5. — Nota. Quelque multipliées que soient nos observations personnelles, et les sources où nous avons puisé, nous ne nous dissimulons ni les difficultés de la tâche, ni notre insuffisance. Nous avons compté, pour y suppléer, sur le concours bienveillant de tous ceux qui s’intéressent à ces questions ; nous serons donc très reconnaissant des communications qu’ils voudront bien nous transmettre sur les divers objets de nos études ; nous appelons à cet effet leur attention sur ceux des points suivants sur lesquels ils pourront nous fournir des documents :

1º Manifestations matérielles ou intelligentes obtenues dans les réunions auxquelles ils sont à même d’assister ;

2º Faits de lucidité somnambulique et d’extase ;

3º Faits de seconde vue, prévisions, pressentiments, etc. ;

4º Faits relatifs au pouvoir occulte attribué, à tort ou à raison, à certains individus ;

5º Légendes et croyances populaires ;

6º Faits de visions et apparitions ;

7º Phénomènes psychologiques particuliers qui s’accomplissent quelquefois à l’instant de la mort ;

8º Problèmes moraux et psychologiques à résoudre ;

9º Faits moraux, actes remarquables de dévouement et d’abnégation dont il peut être utile de propager l’exemple ;

10º Indication d’ouvrages anciens ou modernes, français ou étrangers, où se trouvent des faits relatifs à la manifestation des intelligences occultes, avec la désignation et, s’il se peut, la citation des passages. Il en est de même en ce qui concerne l’opinion émise sur l’existence des Esprits et leurs rapports avec les hommes par les auteurs anciens ou modernes dont le nom et le savoir peuvent faire autorité.

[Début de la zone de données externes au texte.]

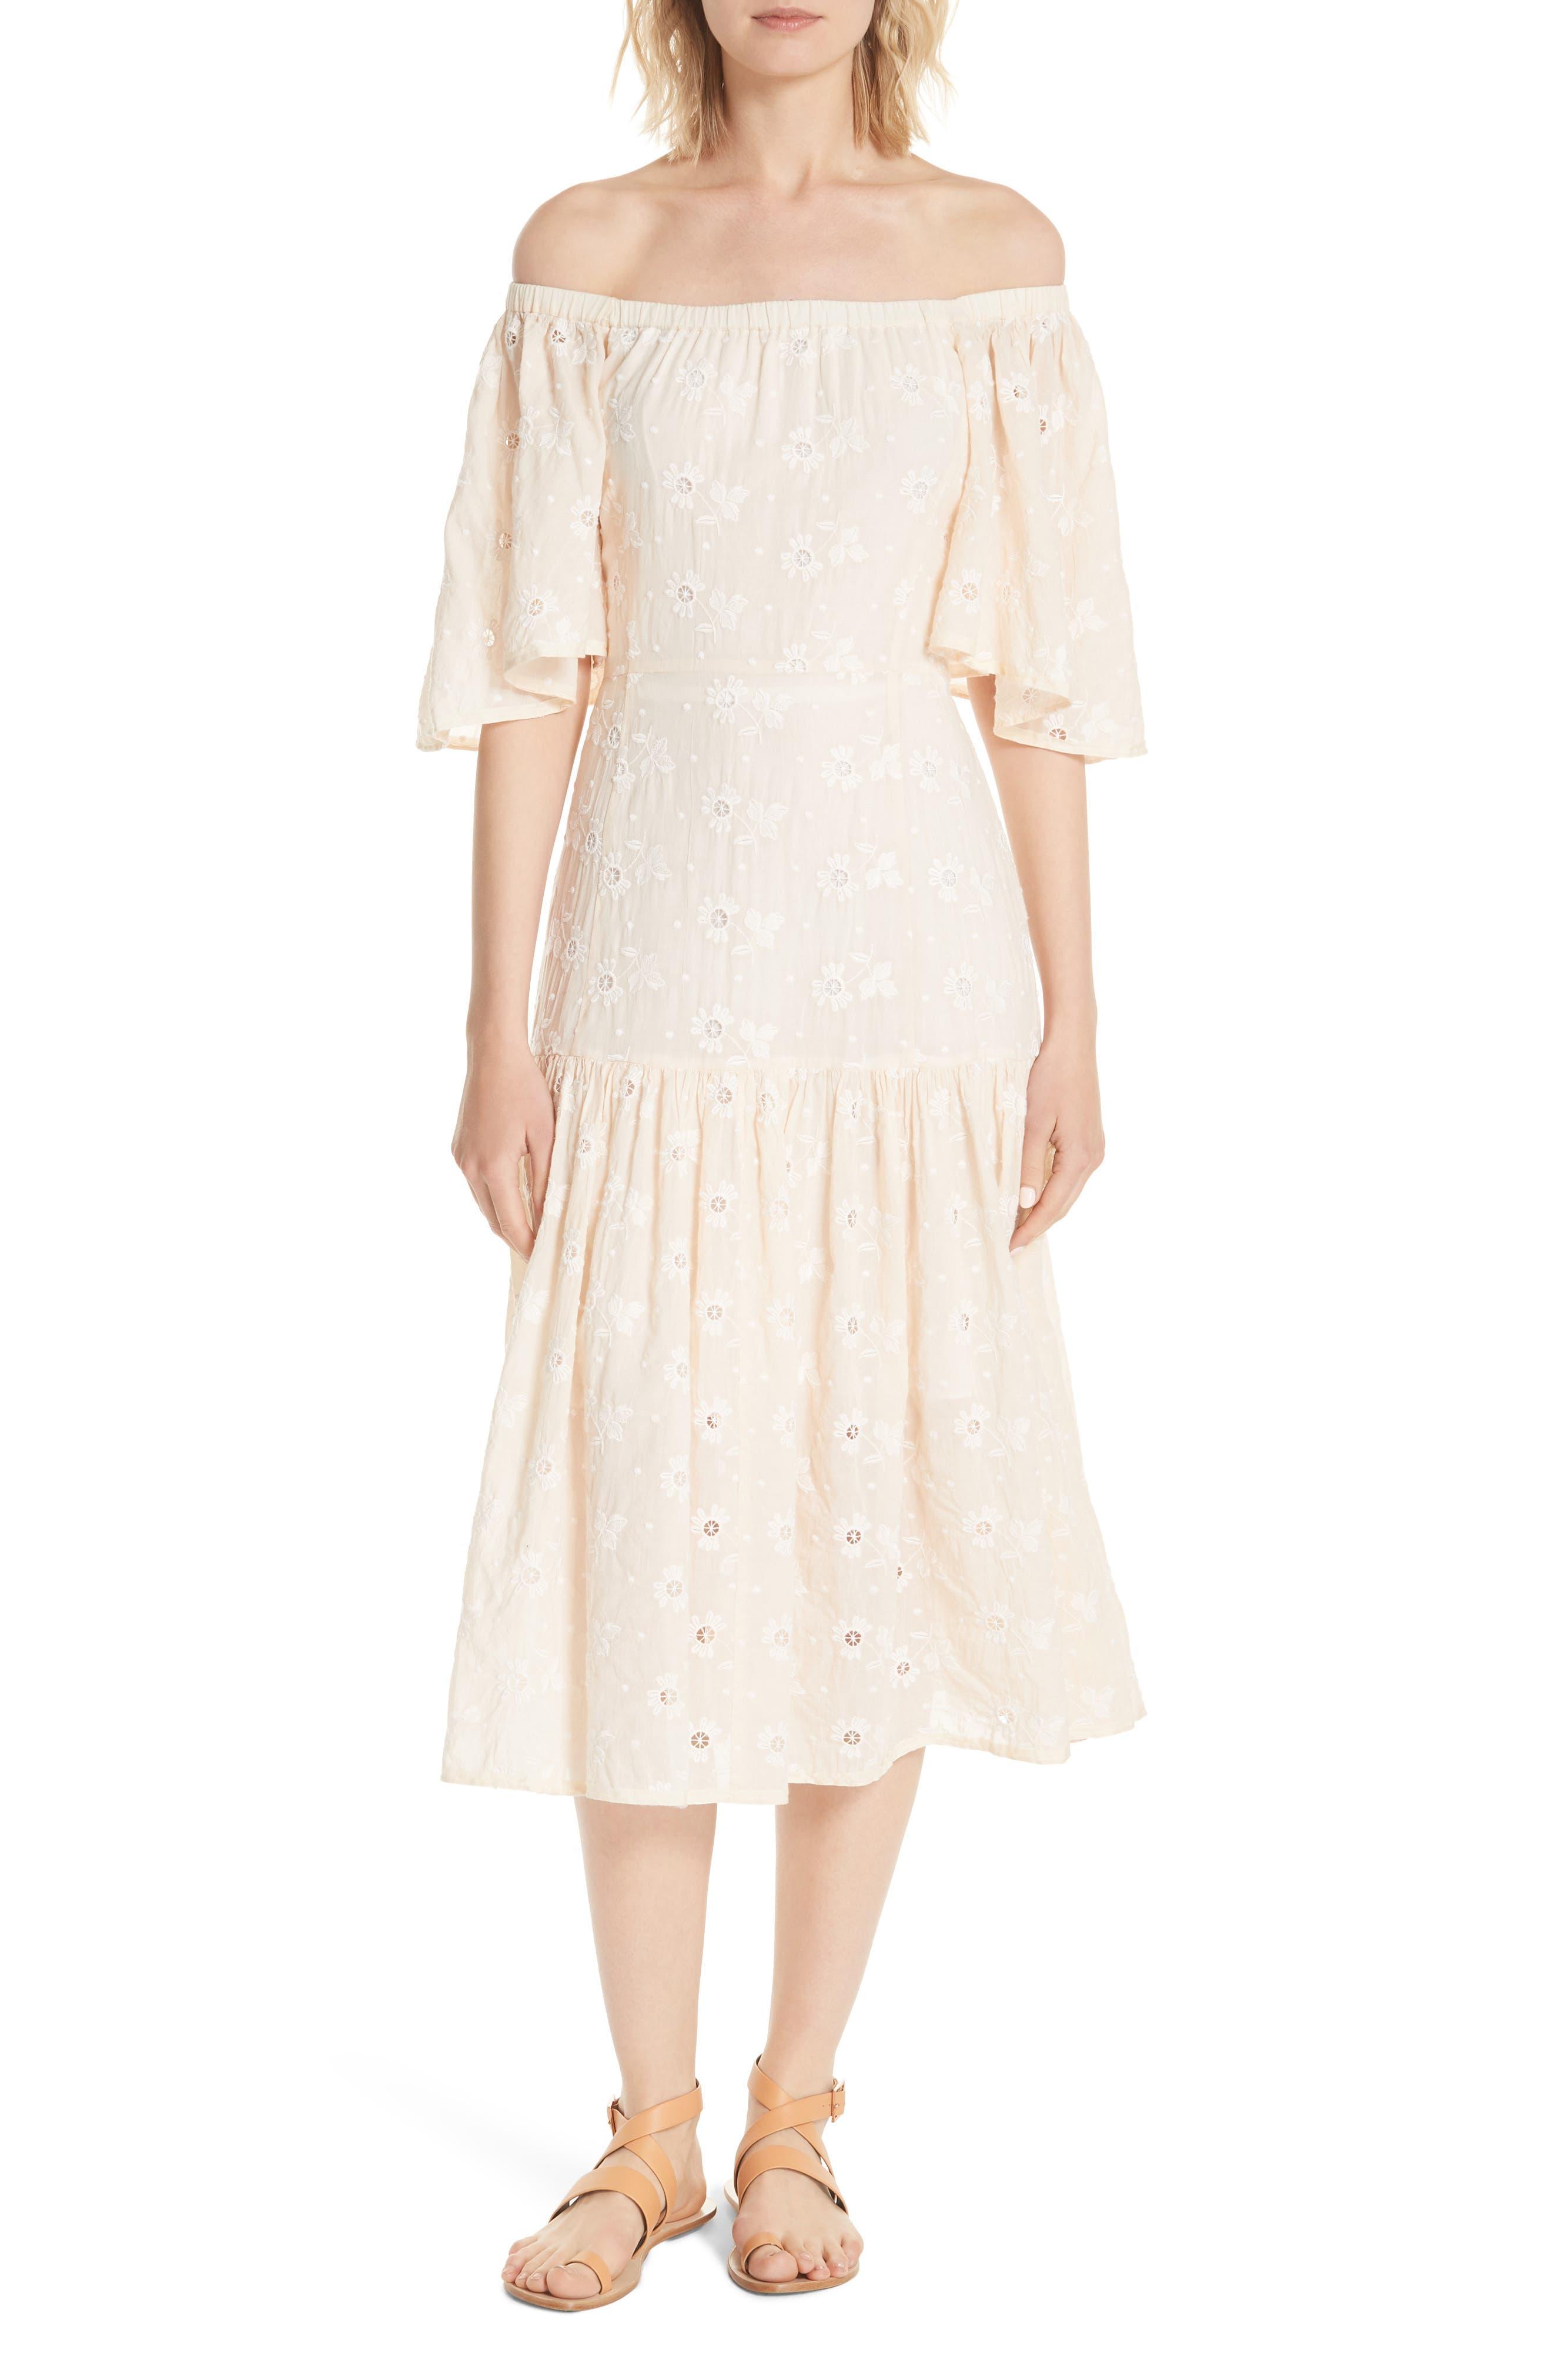 La Vie Rebecca Taylor Helene Embroidery Off the Shoulder Cotton Dress

Nous ne ferons connaître les noms des personnes qui voudront bien nous adresser des communications qu’autant que nous y serons formellement autorisé.



[1] Il n’existe jusqu’à présent en Europe qu’un seul journal consacré à la doctrine spirite, c’est le Journal de l’âme, publié à Genève par le docteur Boessinger. En Amérique, le seul journal français est le Spiritualiste de la Nouvelle Orléans, publié par M. Barthès.